Bridal couples pose against the backdrop of the Korokan ceremonial house, boisterous children dare each other to race across the Dragon Gate Waterfall, the Peace Bell gets a regular donging and the souvenir stalls at the end – ringed by 250 cherry trees – stock genuine artefacts such as calligraphy scrolls and takoyaki snacks.
“Throughout the ages, the Japanese have tried to preserve the essence of nature as much as possible, and the garden in Hasselt symbolises this,” says director Carl De Coster, who spent seven years working in Japan.
“To start off with, an expert gardener from Itami would come every few years to give some pointers and workshops on the pruning of Japanese pine trees, for example, but now we are pretty much able to run things ourselves.
“It’s a real oasis, and not at all something you would expect to find in this part of the country.”

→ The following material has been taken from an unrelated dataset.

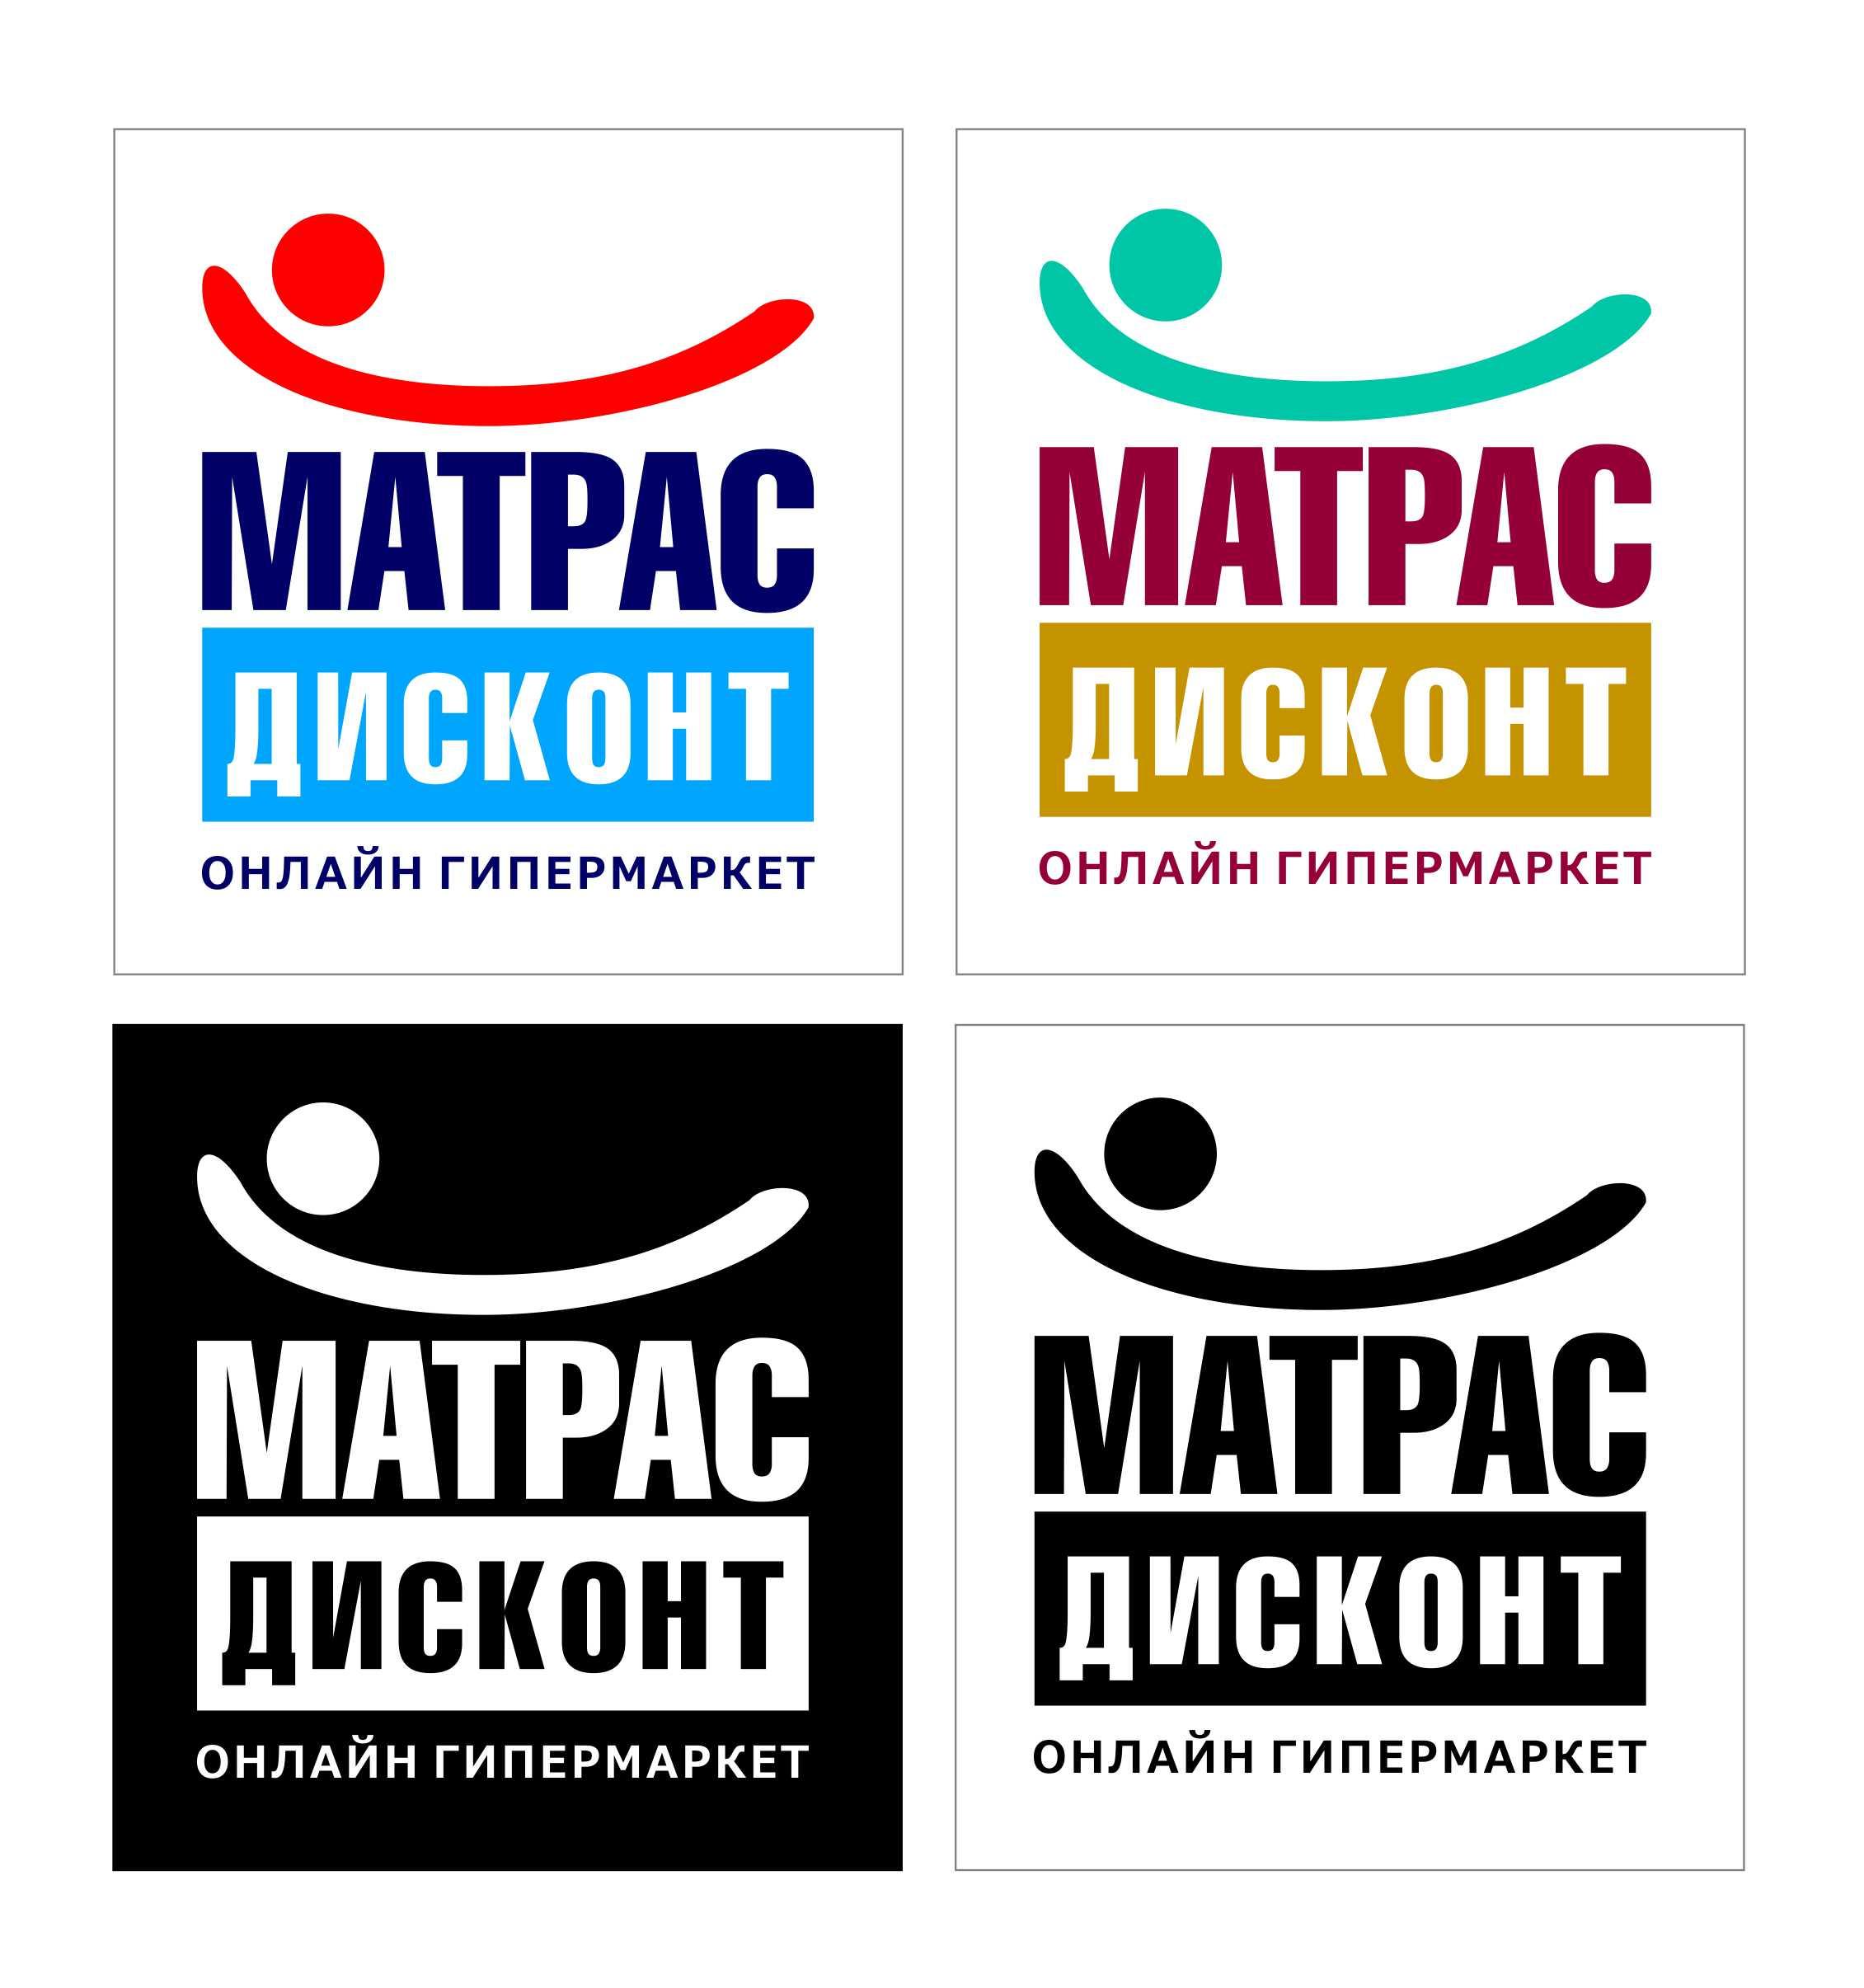 Логотип для ИМ матрасов фото f_5505c8671b797a74.jpg
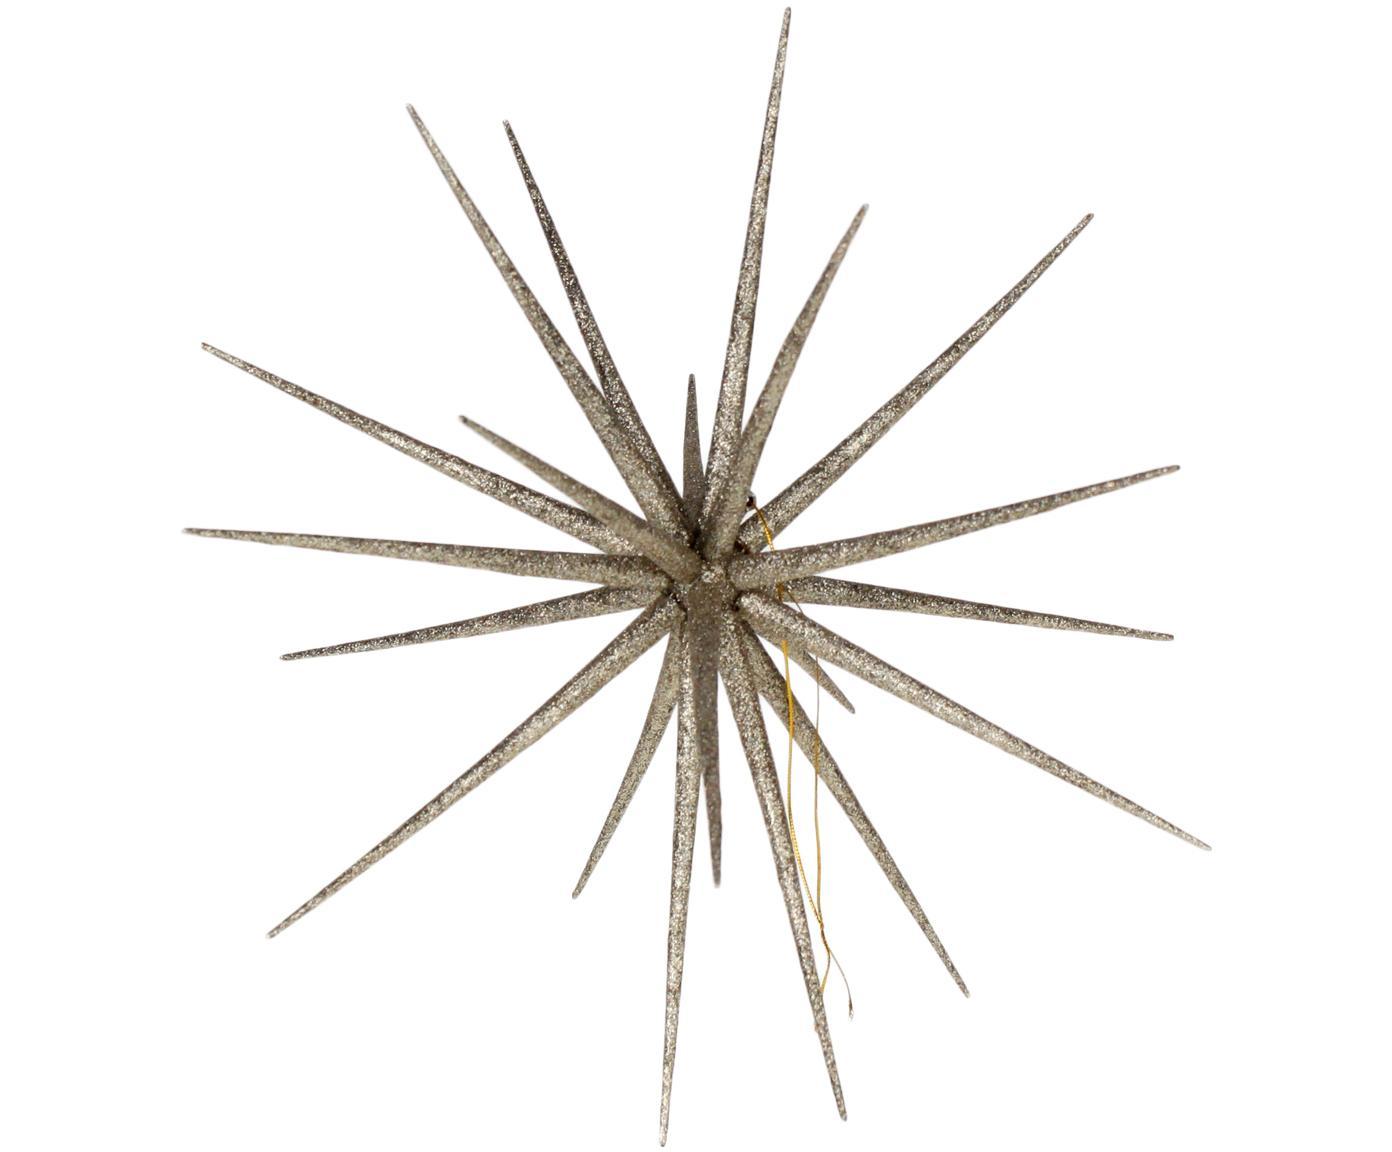 Dekoracja wisząca Sputnik, Tworzywo sztuczne, Odcienie szampańskiego, Ø 37 cm

Like the rest of Belgium, Limburg revels in its food and drinks – yet while the old staples of fries, beer and chocolate are available in abundance, there are distinct signs that the region’s chefs are branching out.
Michelin inspectors have raised their thumbs over the pigeon ravioli at The Thrill, in Genk, and chef Gary Kirchens’ fillet of lamb with parsley and nettle crust at Aurum, in Ordingen.
A recent arrival on the restaurant scene, Het Cordaat, which anchors a brand-new campus for start-ups, scale-ups and corporations on the edge of Hasselt, is part of the extensive culinary fiefdom of the 2024 Gault & Millau entrepreneur of the year, Dimitri Beckers.
With soaring ceilings and plate-glass windows, abundant greenery, and marble-topped tables, it serves items such as smoked eel and slow-cooked rabbit roll, as well as an entire menu page devoted to variations on the theme of gin and tonic.
“Nowhere else in the world offers the same amount of diversity and quality of food over such a small surface area [as Limburg],” says Femke Vandevelde, author of Belgium for Foodies.
“Plates of green, wild herbs, flowers and seeds that are not camouflaged by sauces, butter or added fats are things that make me happy. The soil here bursts with quality products like ground chicory, hop shoots, asparagus, and I like to be able to taste them in all their purity.”
A subtle, old-school hospitality is prevalent in Belgium’s less travelled regions. It is rare to come across someone in Limburg who does not have some command of English, halting or otherwise, and an eagerness to help.
That might entail scampering down a supermarket aisle in search of a particular brand of the thin gingerbread biscuit called speculaas, deciphering a bus timetable or wrestling with an unstaffed petrol pump that does not like foreign credit cards.
The pace of life is relaxed and hospitable too.
Town councils hire out bicycles at a mere €0.45 an hour; pavements, square and parks – even Labiomista and the Japanese Garden – may be busy at times but never frantic; grown men (and women) browse Tintin, Asterix and a host of other favourite titles for hours in comic stores; car-rental managers dispense free lollipops; and it is no surprise to turn a corner and find a bowler-hatted gent spinning out tunes on his antique barrel organ.